Anyway I am due to start building a house for my parents in Tipperary in a few weeks and I have budgeted €140k for a 1,764 sq.ft house, which comes in at €79/sq.ft. This figure includes VAT. The house is fairly simple in design, vernacular and traditional in design but with a contemporary look. It is very simliar to the house design example in the Cork County Council rural house design guide 2004. It was designed by a MRIAI Architect who was involved in that publication. I am aiming for an A3 BER and this is reflected in the specification and design. I have employed an Engineer and a Building performance and compliance company who will advise on airtightness, carry our BER & airtightness test etc. 

Type of construction is masonry, loads of insulation, HRV, solar panels, aluclad windows, Cupa R5 spanish slate, white oak doors etc. I won't go into all the details here but I have basically allowed for a fairly decent spec. PC sums for kitchens and wardrobes and basc landscaping. It also includes for direct expenses such as Engineer, Airtightness/BER specialist, financial contribtions of €3.5k to council, ESB connection fee and self build insurance. I have not included for site cost as my parents own the site, inflation, finance costs, loose furniture, wall and floor tiling, ironmongory and sanitaryware supply, fireplace and stove supply and fit. These will be paid for seperately. 

Anyway my point is make sure you know what is included in your €100k budget and whilst I appreciate you are trying to save money, please employ a competent Architect or Engineer, an airtightness specialist who can also do the BER for you. Dont cut corners on professional advice.

As the Canadians say. "Build right, Build airtight". You will not achieve this as €55/sq.ft.


----------



## Patrick2008 (22 Feb 2011)

I would also like to add that even though labour rates have come down in the past 2 years material prices are going up. e.g Timber prices had fallen 34% over the past 15 months up to Sept 2010 but have since increased by 18-20% and are continuing to increase due to the fact that Irih merchants did not hold large quantities in stock and there is demand for timber in the UK and may timber mills are closing down.

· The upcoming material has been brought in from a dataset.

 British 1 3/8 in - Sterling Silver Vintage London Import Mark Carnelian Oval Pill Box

On top of this you have the price of oil which is currently tradig at €105/barrell and we all know the effects of what is happening in North Africa and the Middle East will have on oil prices.

You also have to keep in mind that if you go down the self build route you will be paying for materials at 21% VAT rather than 13.5% VAT for supply and fit. Keep in mind that 25% of the total build cost will be for materials.


----------



## Leo (22 Feb 2011)

Patrick2008 said:


> Guest,
> 
> It amazes me when people say they can build a 1800 sq.ft house for €100k.


 
You do realise that post is nearly 7 years old at this stage???


----------



## onq (22 Feb 2011)

That was my reaction too Leo, after seeing a spate of thread re-enlivened by that new "landscape" chap.

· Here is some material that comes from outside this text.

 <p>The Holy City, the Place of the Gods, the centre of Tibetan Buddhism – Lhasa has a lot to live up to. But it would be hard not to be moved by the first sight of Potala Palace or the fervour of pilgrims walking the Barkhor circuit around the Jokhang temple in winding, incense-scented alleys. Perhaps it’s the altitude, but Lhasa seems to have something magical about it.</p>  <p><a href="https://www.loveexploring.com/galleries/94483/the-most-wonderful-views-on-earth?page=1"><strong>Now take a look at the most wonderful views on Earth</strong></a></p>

However Patrick has been around for a while and seems to to be a qualified, experienced and competent professional giving up-to-the-minute costings.

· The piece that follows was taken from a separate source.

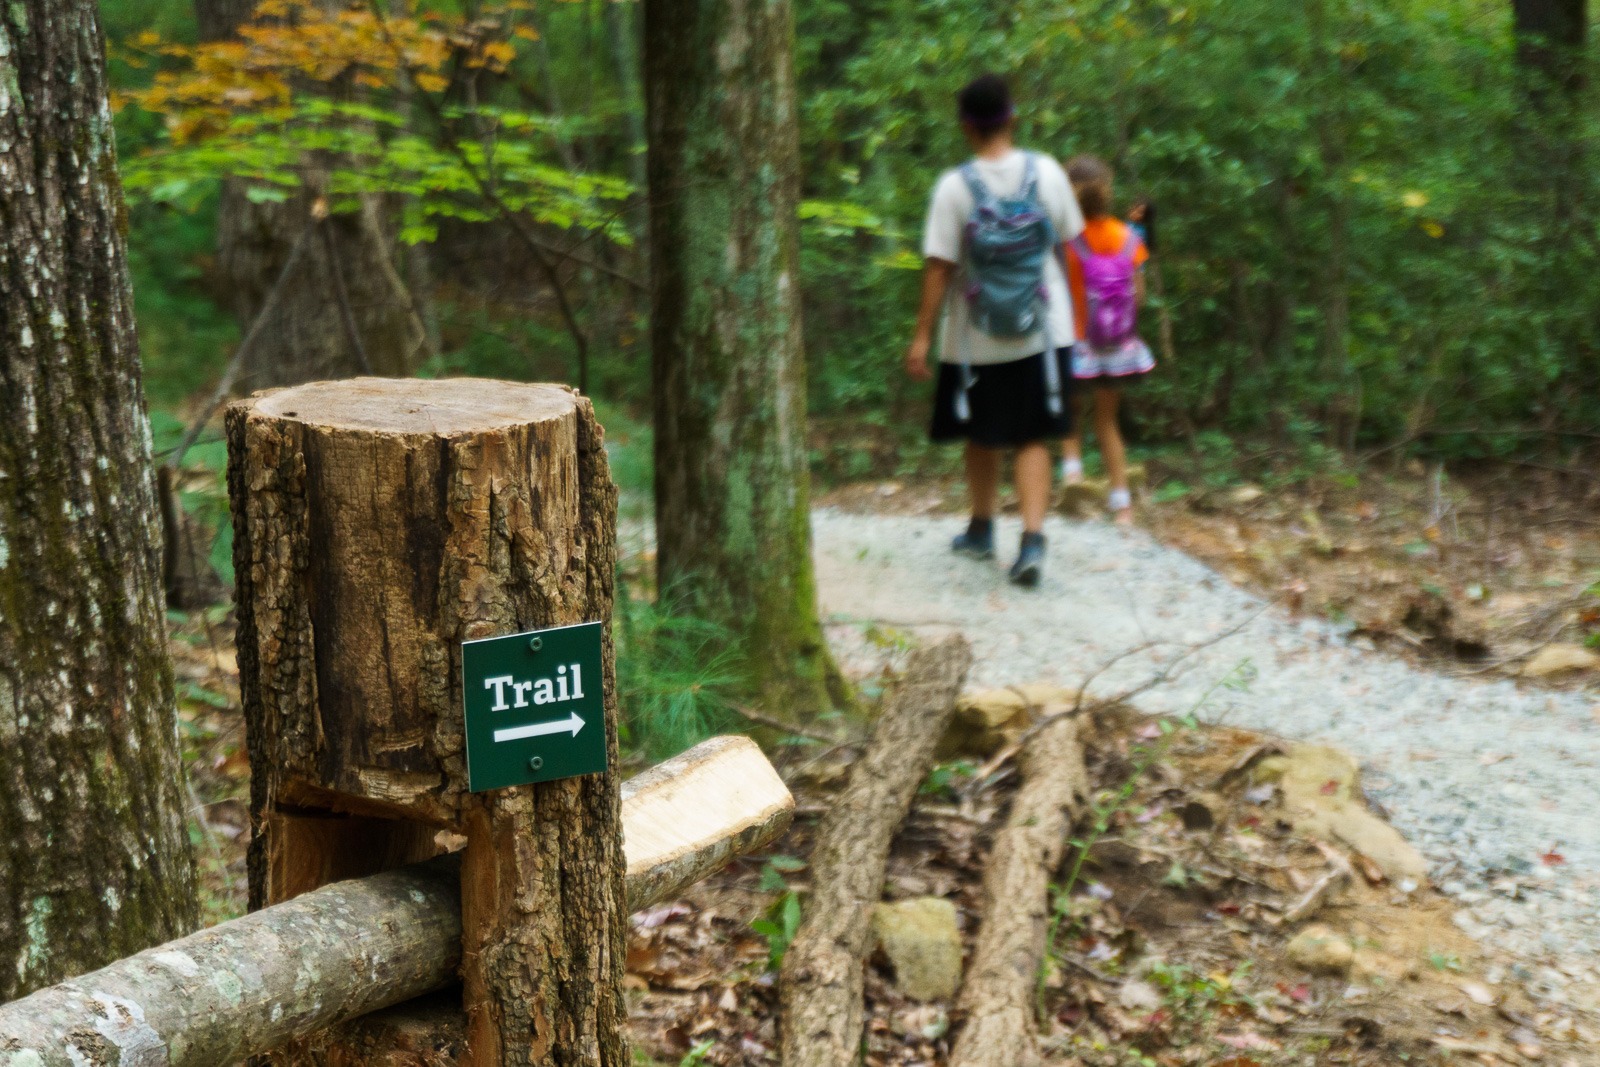 Innovative New Ways to Count Outdoor Recreation

His comment on VAT rates for self-builders is something that I hadn't seen mentioned before in this forum and I think that his warnings about materials price rises is timely.

ONQ.

 [broken link removed]

 All advice on AAM is remote from the situation and cannot be relied         upon    as a defence or support - in and of itself - should legal     action     be    taken.
 Competent legal and building professionals should be asked to advise in            Real Life with rights to inspect and issue reports on the     matters    at     hand.


----------



## Leo (22 Feb 2011)

Yep, I'm not doubting the information is of value, just probably not so to that particular poster. 
Leo


----------



## onq (22 Feb 2011)

Yep, seven years ago is a long time to hope he's still lurking about.

Yet there are so many people out there holding the opinion that everything is coming down in price because we're in a recession and the building industry has collapsed, it does no harm to inform them to the contrary using a reliable source.

Even going on a first priciples basis, it should have been obvious that rates which may have been discounted for volume sales would push up once demand returned, since volumes are far lower now, both in terms of total tonnage and in terms of destinations.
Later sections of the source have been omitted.